** Opening Given data block **
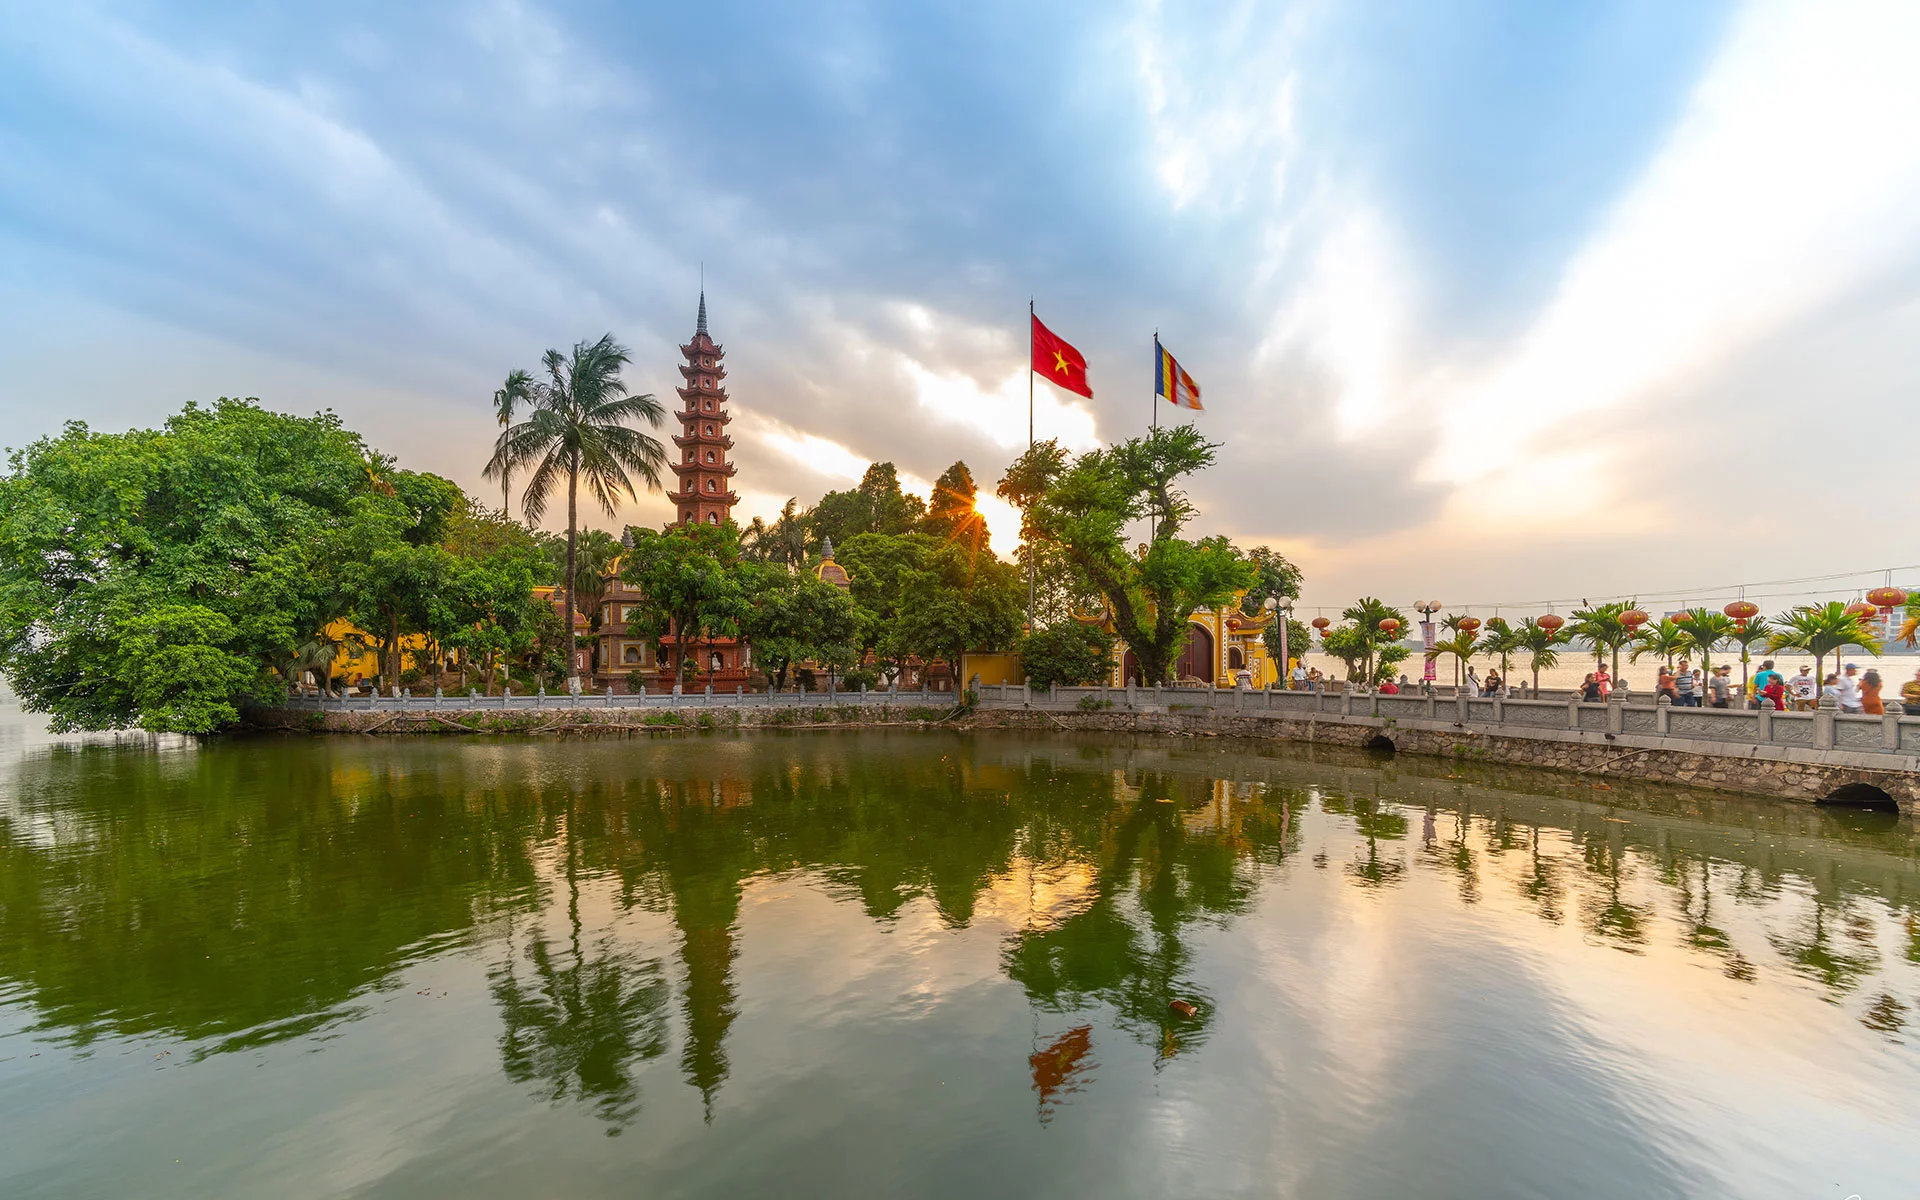 Tran Quoc Pagoda - one of key attractions in Hanoi
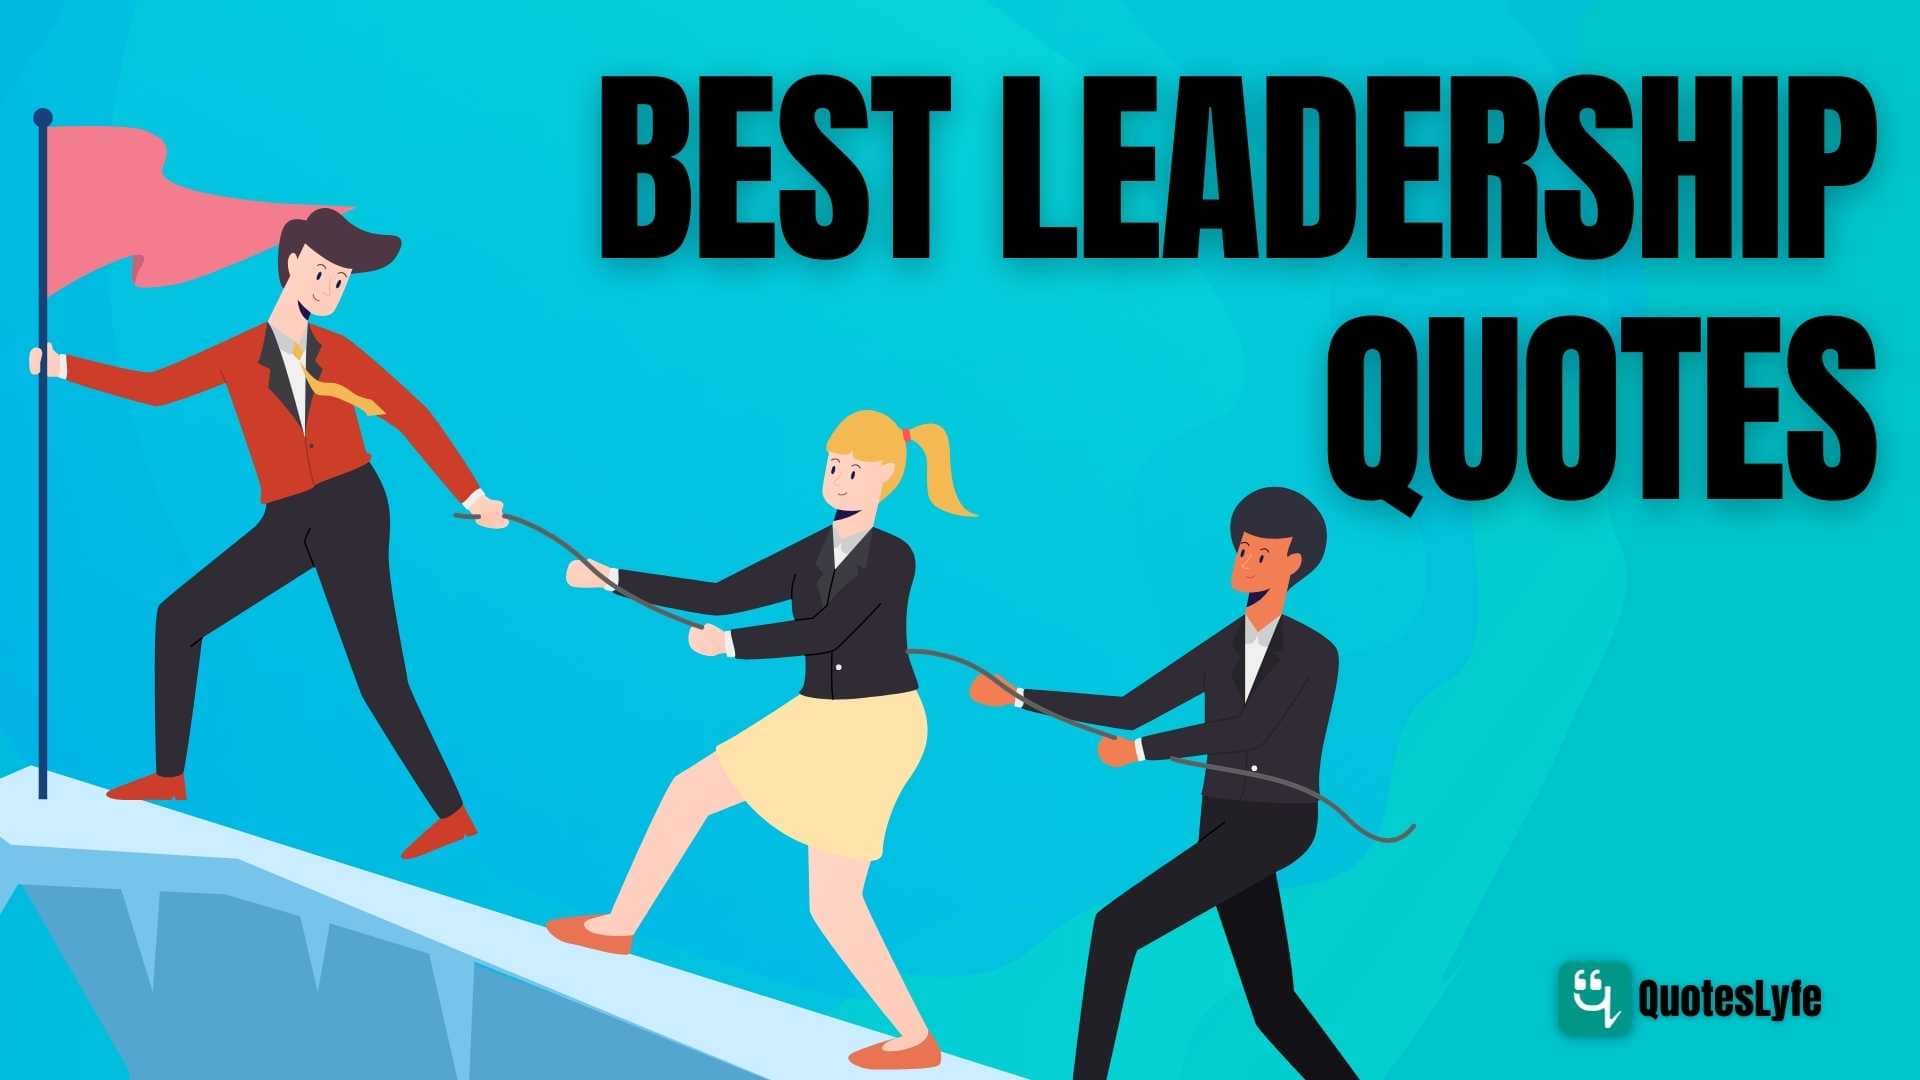 Best Leadership Quotes to Bring Out the Leader Within You
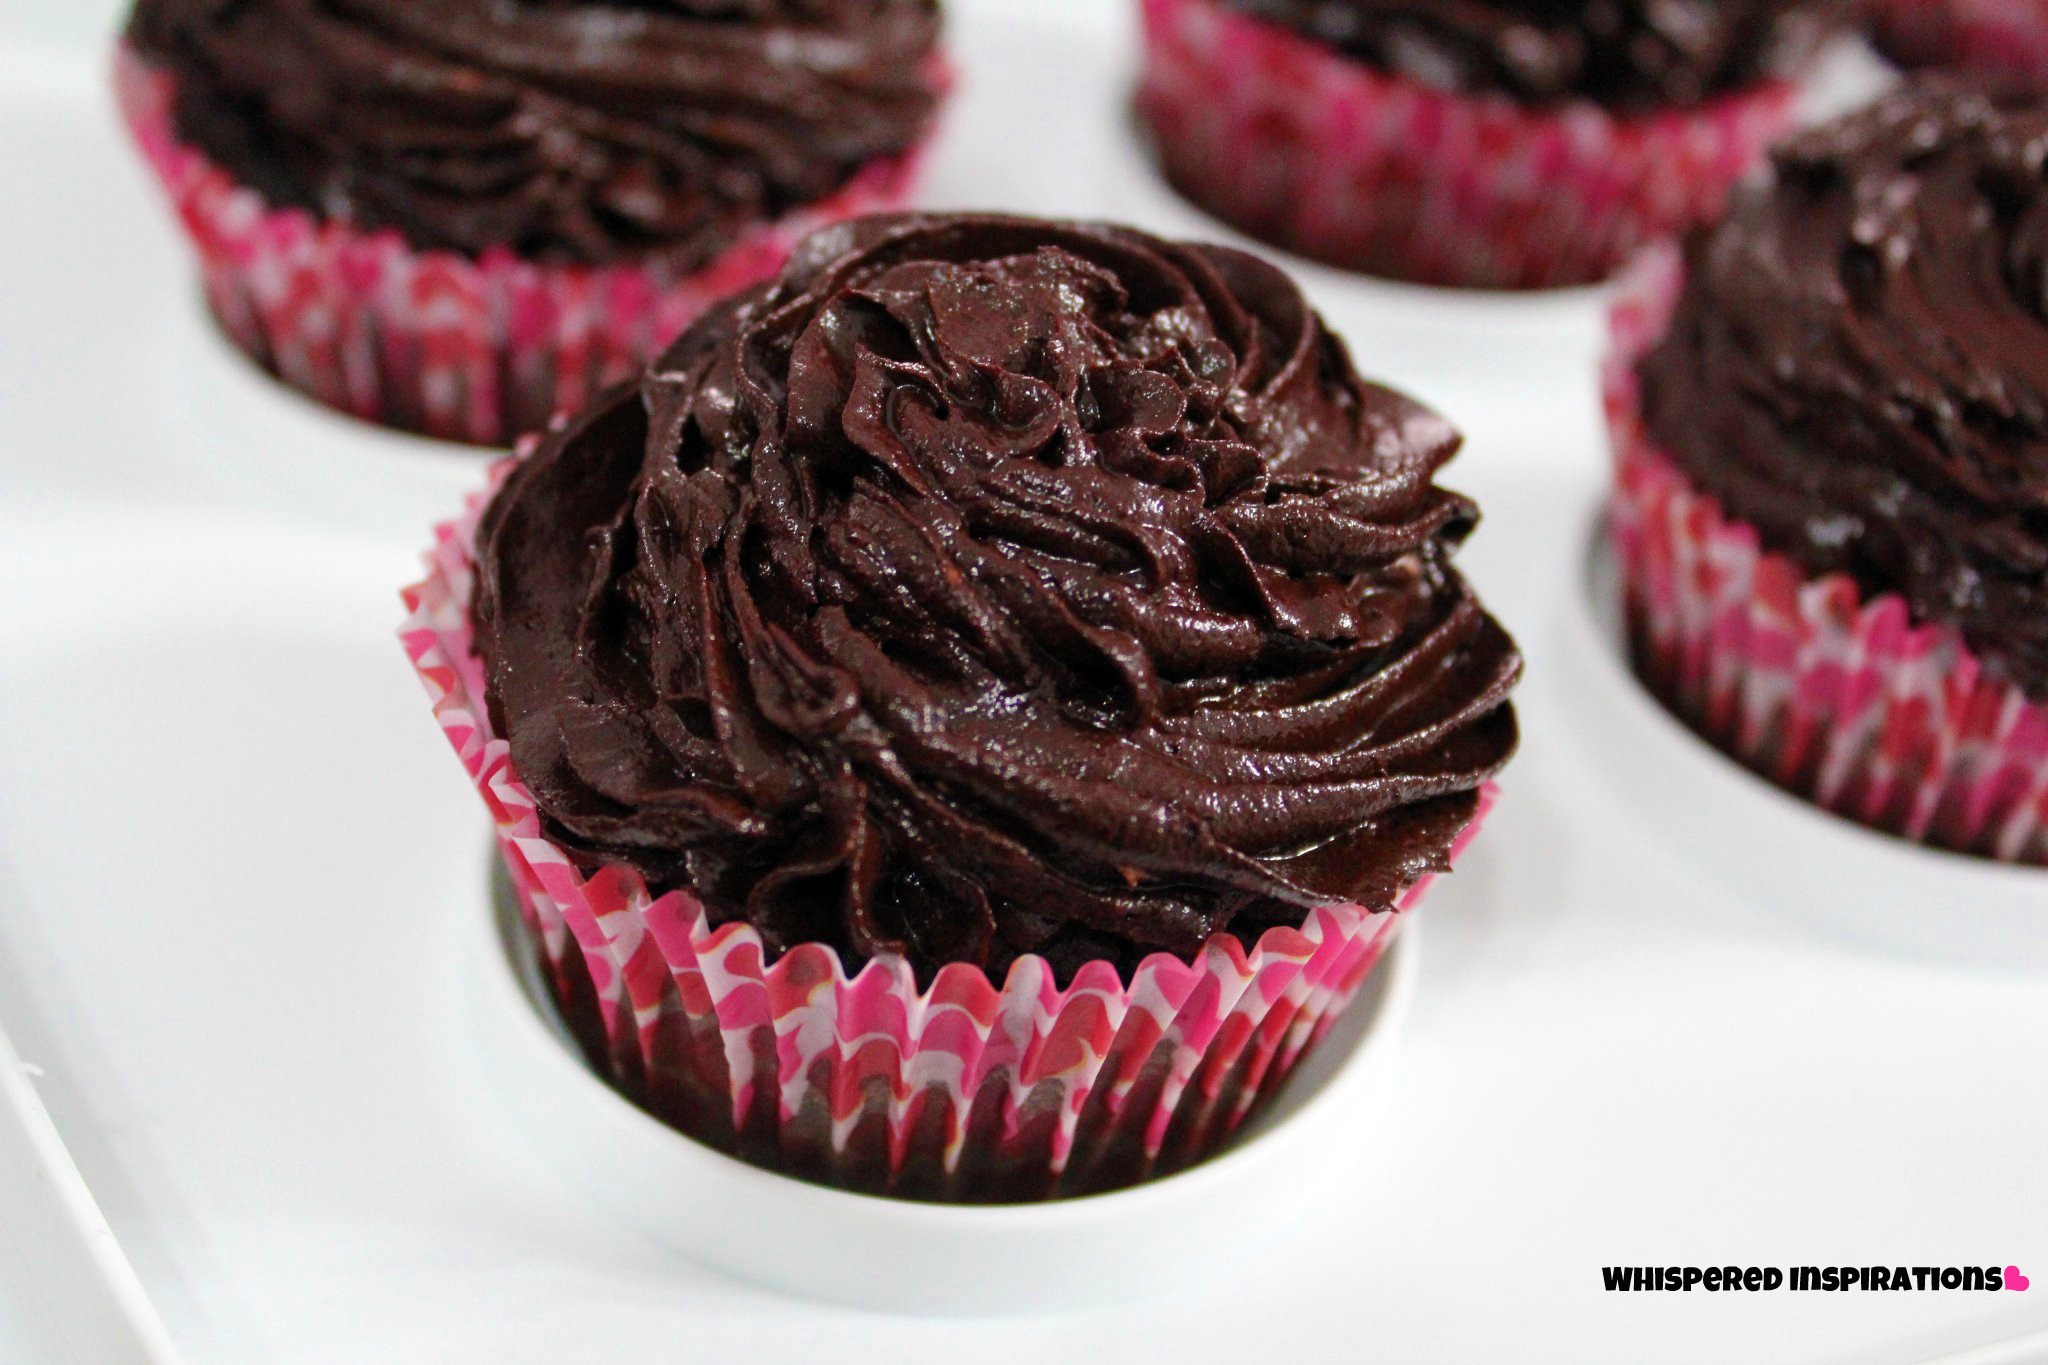 A close-up of an organic and gluten-free chocolate cupcake.
** Closing Given data block **
Every line above is to be returned exactly, with its pictures removed.

 Tran Quoc Pagoda - one of key attractions in Hanoi
 Best Leadership Quotes to Bring Out the Leader Within You
 A close-up of an organic and gluten-free chocolate cupcake.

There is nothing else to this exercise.